This is a good analysis of standing by Ilya.
The Constitution is a contract between the states to create and limit the federal government. Theoretically, the states should have standing to sue anytime the federal government breaches the contract. I have no idea if the Supremes have already ruled that states have no standing in Constitutional disputes, but it seems logical that they should have automatic standing.
Perhaps Congress can address standing in challenging unconstiutional actions by the federal government in legislation. It might be very embarrassing for Democrats to vote against state standing to challenge federal government actions that are unconstitutional.
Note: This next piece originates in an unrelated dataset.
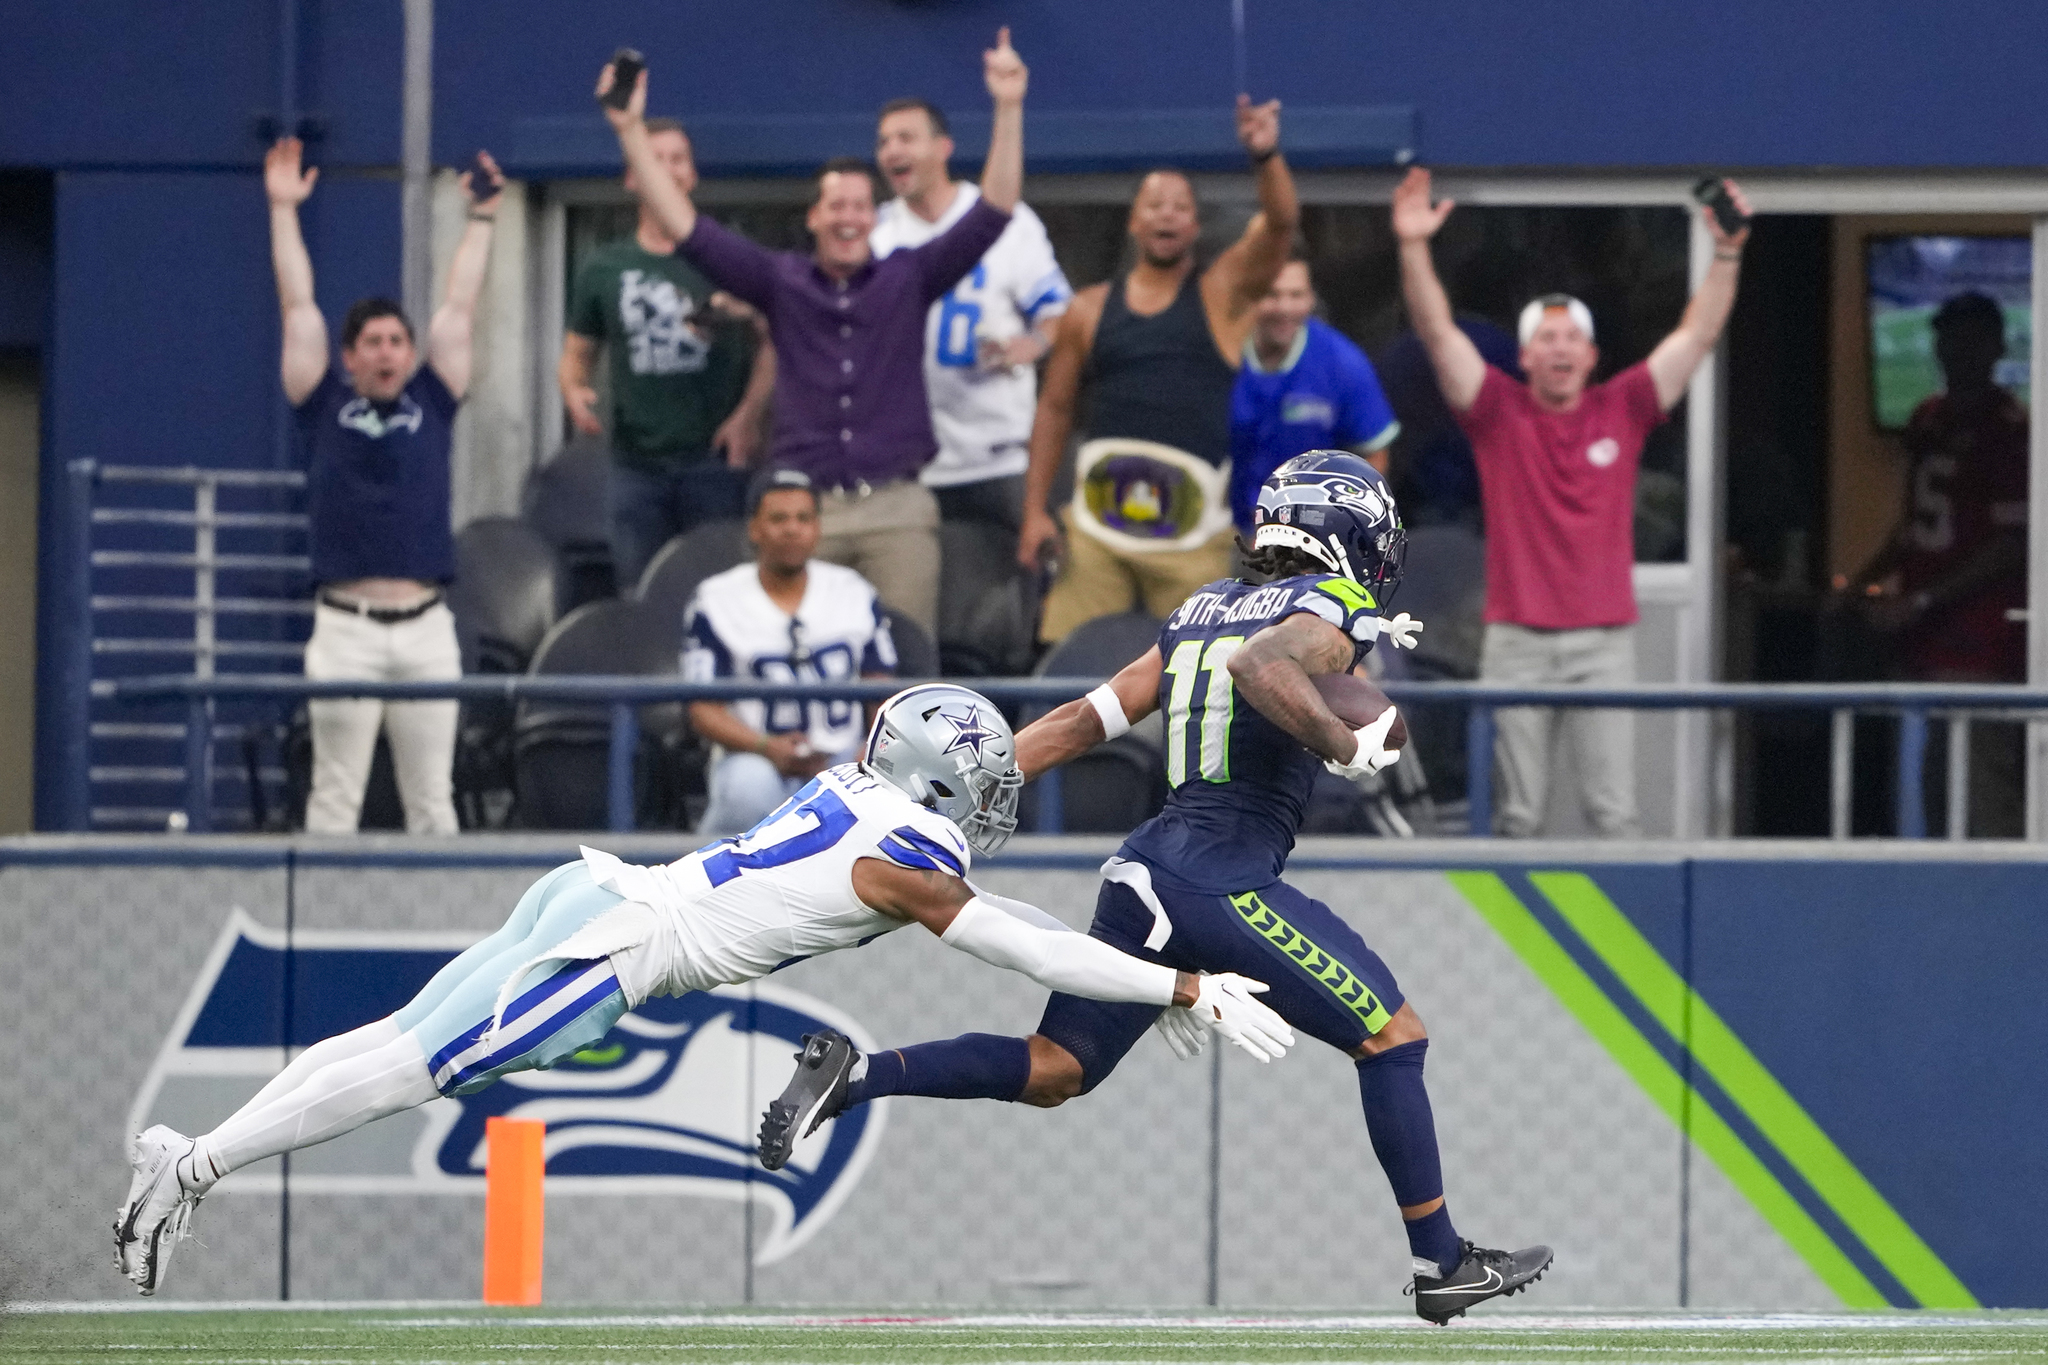 The Seahawks Jaxon Smith-Njigba (WR) will be one of the most sough out rookies in Fantasy Football for 2023.
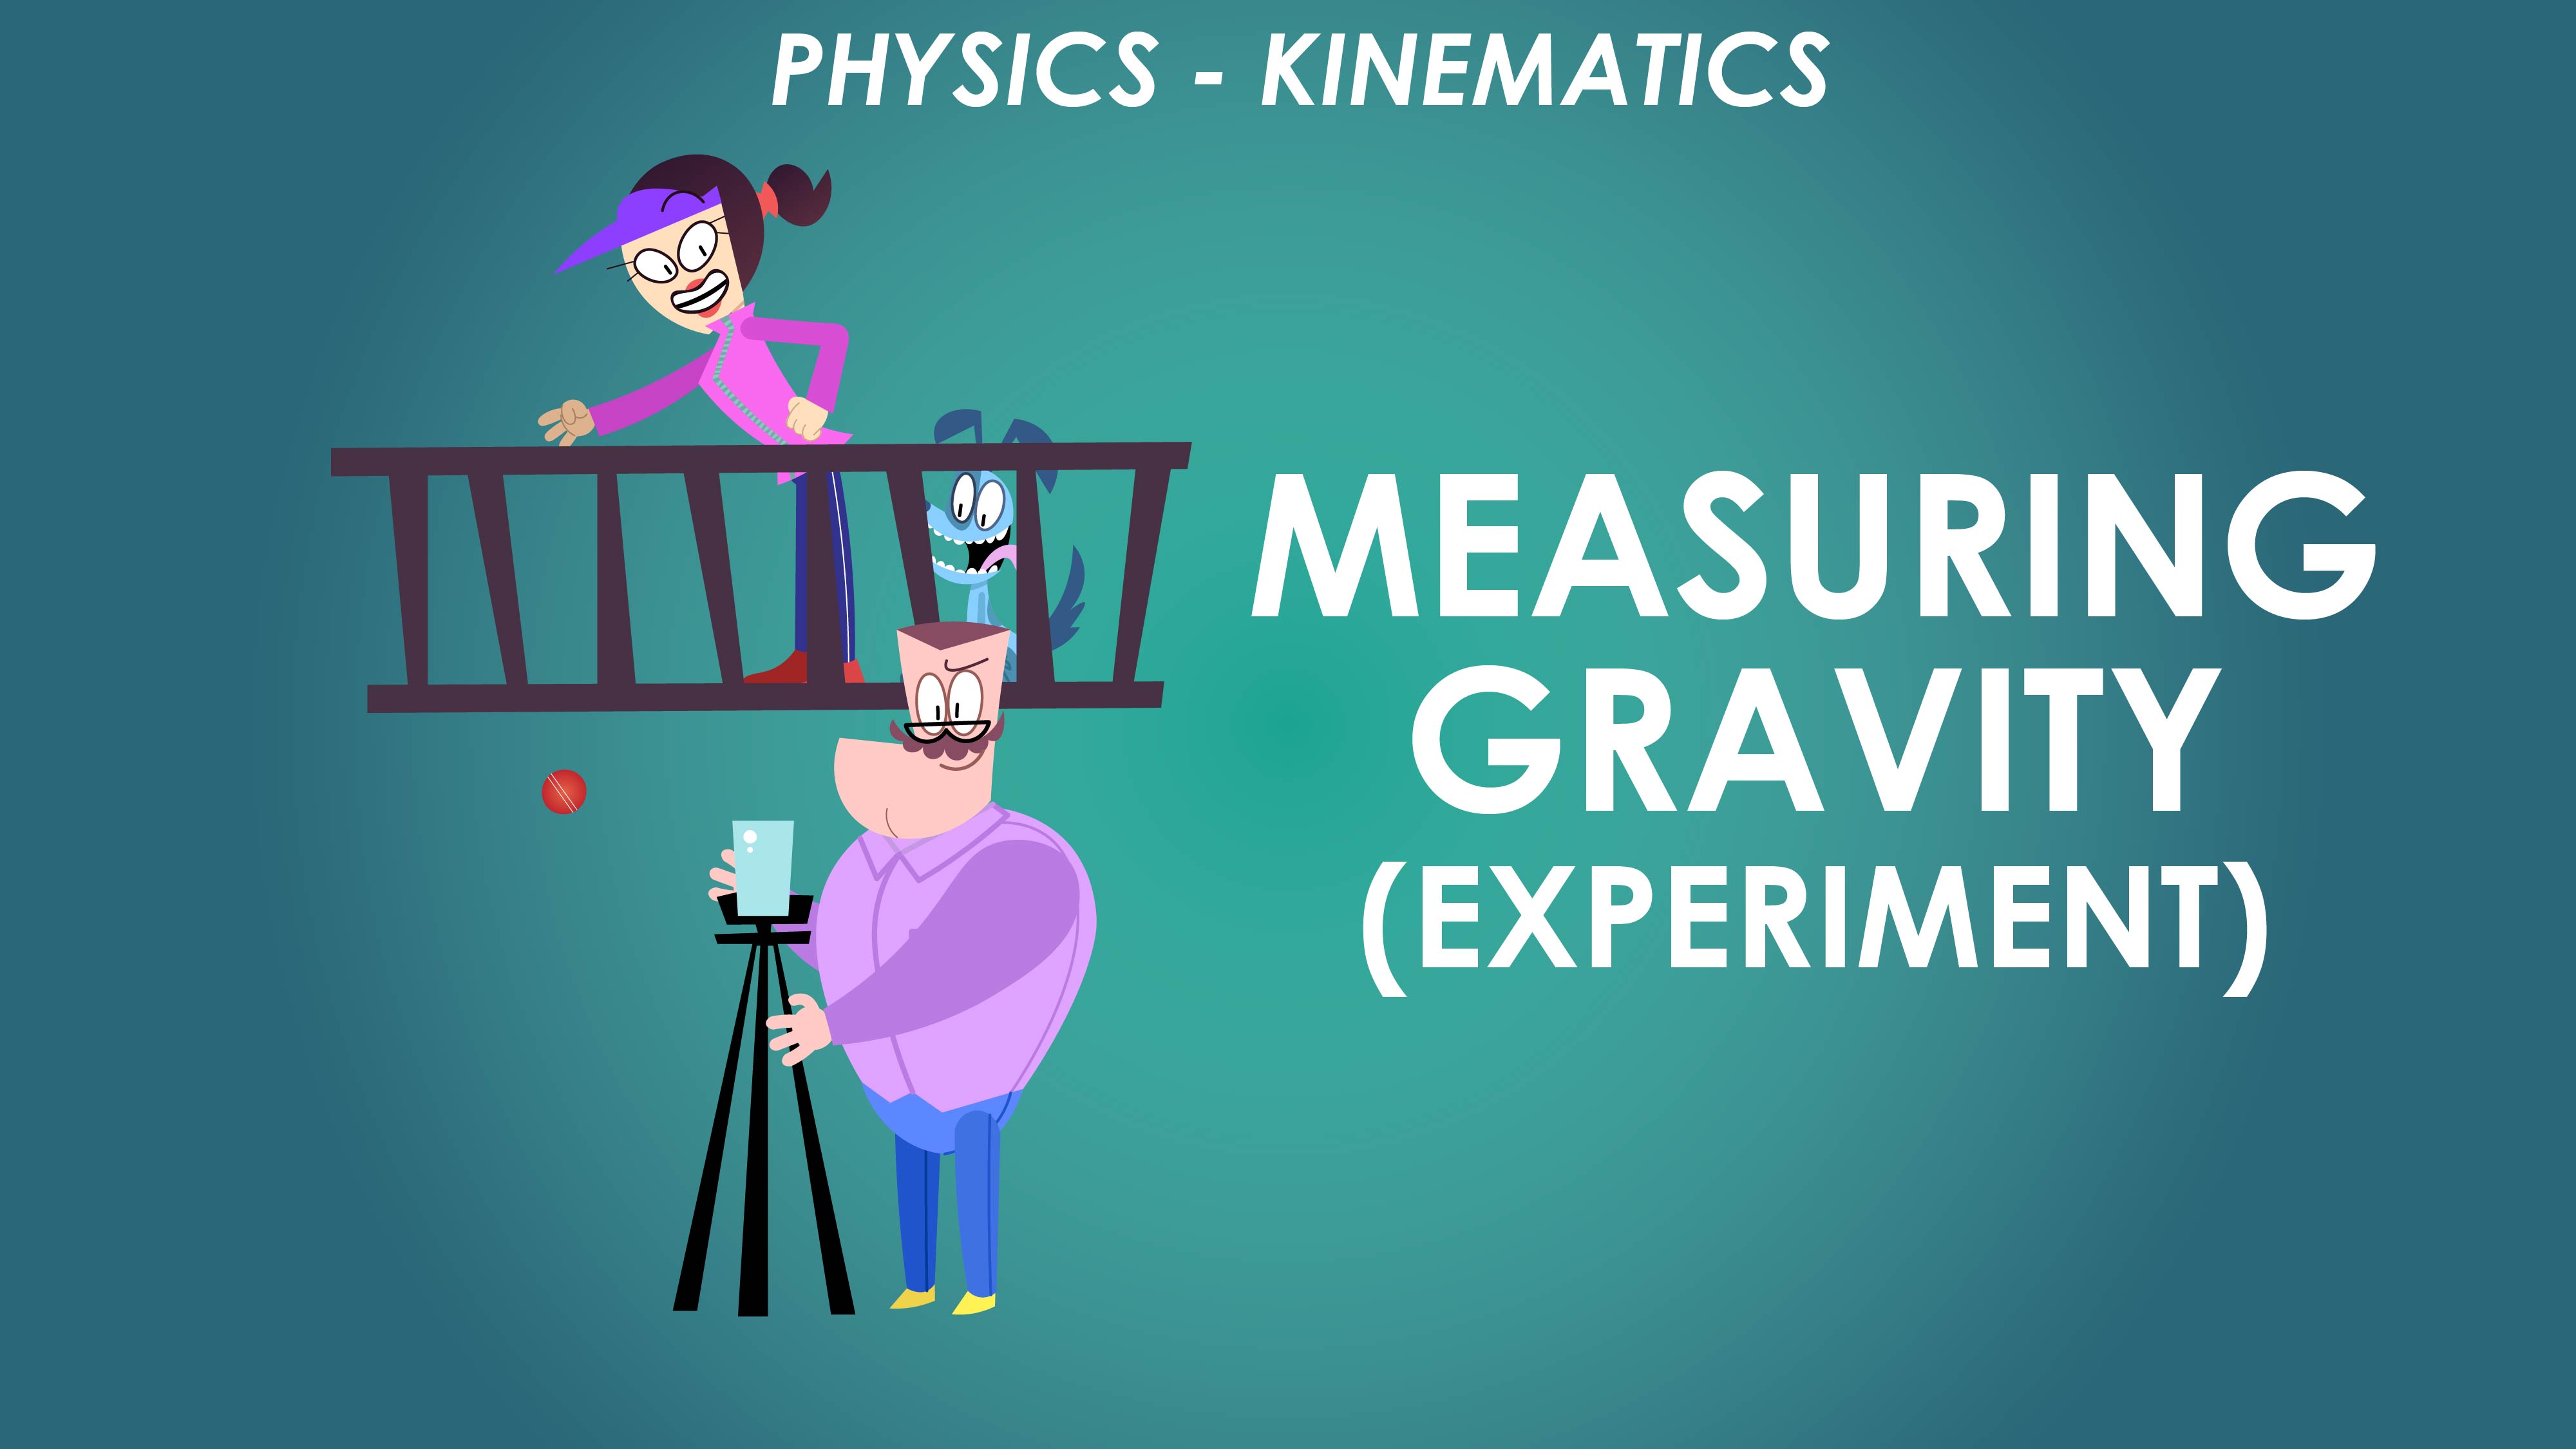 Measuring Gravity 1 - Motion in a Straight Line

A student borrower who is subject to the forgiveness would have standing to sue. I would imagine that there are more than a few who are ethically troubled by Biden's proposed actions. The injury would be the acceleration of the state income tax obligation.
Receiving forgiveness will require an application.
I do not think you have standing if you caused the injury to yourself by applying for forgiveness.
Student borrowers need not apply for the forgiveness. It seems odd (well, more than odd, rediculous) to claim someone has injured you by offering you a benefit you voluntarily accept, and then turn around and sue the person because you feel “ethcially troubled” by accepting it.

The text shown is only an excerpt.